Tapping geothermal energy makes sense for a cash-strapped government that still subsidizes fuel for its citizens, who are steadily demanding more power in the face of routine blackouts and brownouts.

The sprawling archipelago sits on what is believed to be the world's largest geothermal resource base, with the potential to provide 21,000 megawatts - enough to supply all the energy needs for its 220 million people.

But so far existing plants have a combined capacity of just over 800 megawatts, or 4 percent of Indonesia's potential, putting it behind the United States (2,100 MW), the Philippines (1,775 MW) and Mexico (975 MW).

About three-fifths comes from Chevron Corp., the only foreign business currently developing geothermal energy in Indonesia.

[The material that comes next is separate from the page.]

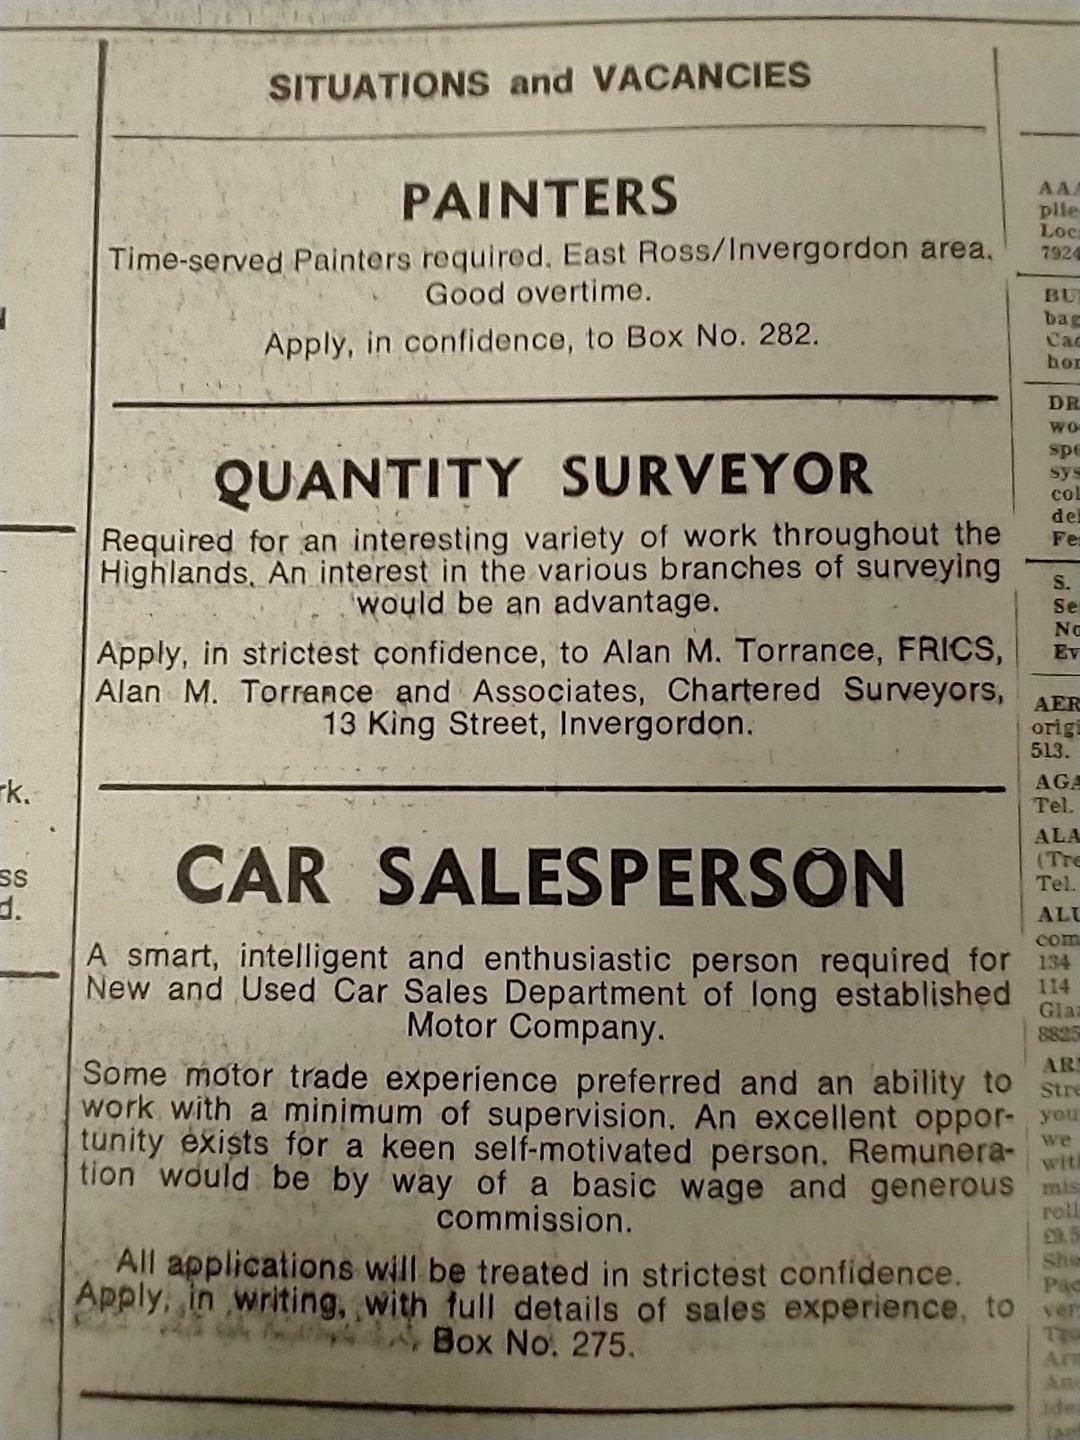 Situations vacant back in 1984.

The U.S. energy company says it's able to do so largely because it operates on contracts signed decades ago under then-dictator Suharto.

"At that point the government had in place regulations that were very conducive to investment," said Barry Andrews, president of Chevron's Geothermal and Power, pointing to a strong central government and dependable tax regime. "We had certainty as to what to expect."

Since the mid-1980s, Chevron has operated two fields, Salak and Darajat, on the main island of Java.

Its largest plant in Salak towers over the lush rainforest - home to gibbons, ant eaters and eagles - where massive pipes wind through some 25,000 acres of jungle, transporting steam that turns giant turbines to produce electricity.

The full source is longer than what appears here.